Getting to Know the 10980XE

This CPU is preceded by the i9-9980XE. A CPU with which it shares an 18-core, 36-thread spec. It’s also still compatible with the X299 chipset, so most current i9-9980XE users only have to consider the cost of the CPU itself when upgrading. Although you’ll have to confirm things with your specific motherboard model.

This is still 14nm CPU, with 10nm process chips years overdue at this point. What’s worse, AMD is using a 7nm process, at least in part, on its latest CPUs. The good news is that Intel has been forced to slash prices on these high-end processors to compete. The i9-10980XE retails at almost half of the 9980XE’s launch price.

This Cascade Lake-X CPU offers more PCIe lanes and less power consumption than before. However, it’s not really much faster than the chip it replaces and even fared worse in some of the early benches we’ve seen than the 9980XE for some reason.
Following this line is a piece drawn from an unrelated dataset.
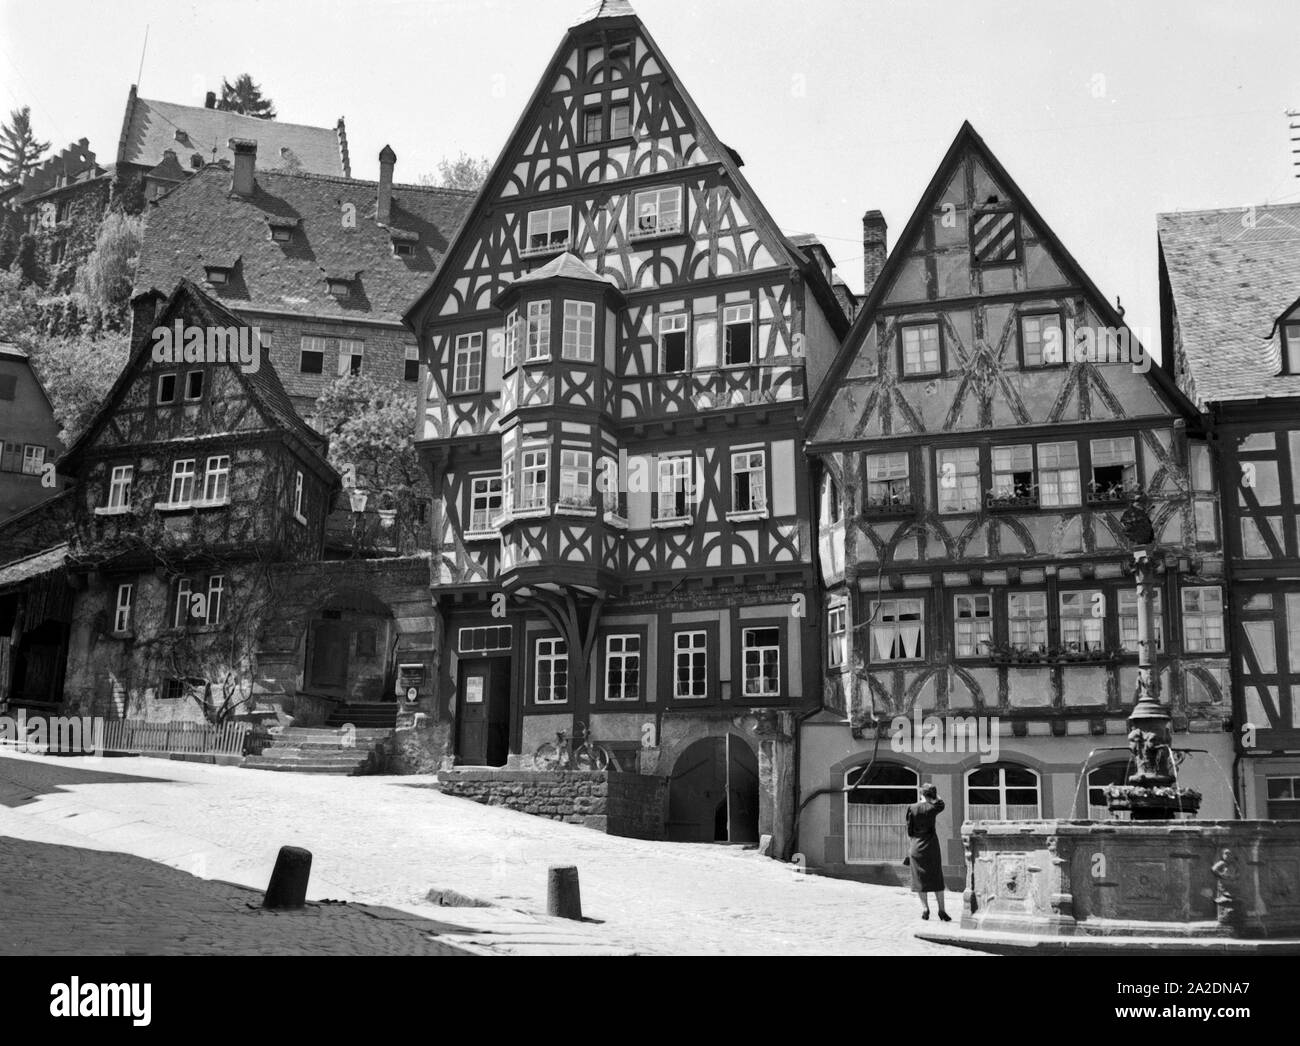 Alte Fachwerkhäuser in Miltenberg, Deutschland 1930er Jahre. Vecchie case con travi di legno a Miltenberg, Germania 1930s. Foto Stock

These chips do seem to be binned better, leading to good overclocking results.

The AI Edge

One area where this CPU does have a clear victory is when it comes to machine learning, with the added Intel Deep Learning Boost acceleration. The benchmarks we’ve seen show that this chip is faster than anything else in this price range, for now.

The Threadripper Alternative

If you already own the previous i9 flagship, there’s no real reason to upgrade to this, unless the extra performance or AI-specific features are worth so much to you that the expense is justified.

By itself, the 1980XE is a brute of a chip, offering extreme amounts of performance, but we can’t just look at it in isolation. The elephant in the room is of course the AMD 3970X Threadripper, which launched more or less at the same time as this CPU. AMD have been knocking it out of the park recently, with the per-core performance gap Intel has been coasting on for years all but eliminated. The 3970X costs twice as much as the 10980XE. The price that chip would have launched at no doubt, if it wasn’t for AMD. Do you get twice as much performance for spending double? Surprisingly, assuming you have a workload that can use all 64 threads, the answer can be yes. However, you need a new sTRX4 motherboard as well, whereas the Intel chip drops into existing X299 motherboards, which are also cheaper.

So the choice is really based on your workload, but it is staggering that the positions of the two chip makers could reverse so quickly, with AMD now the expensive performance king.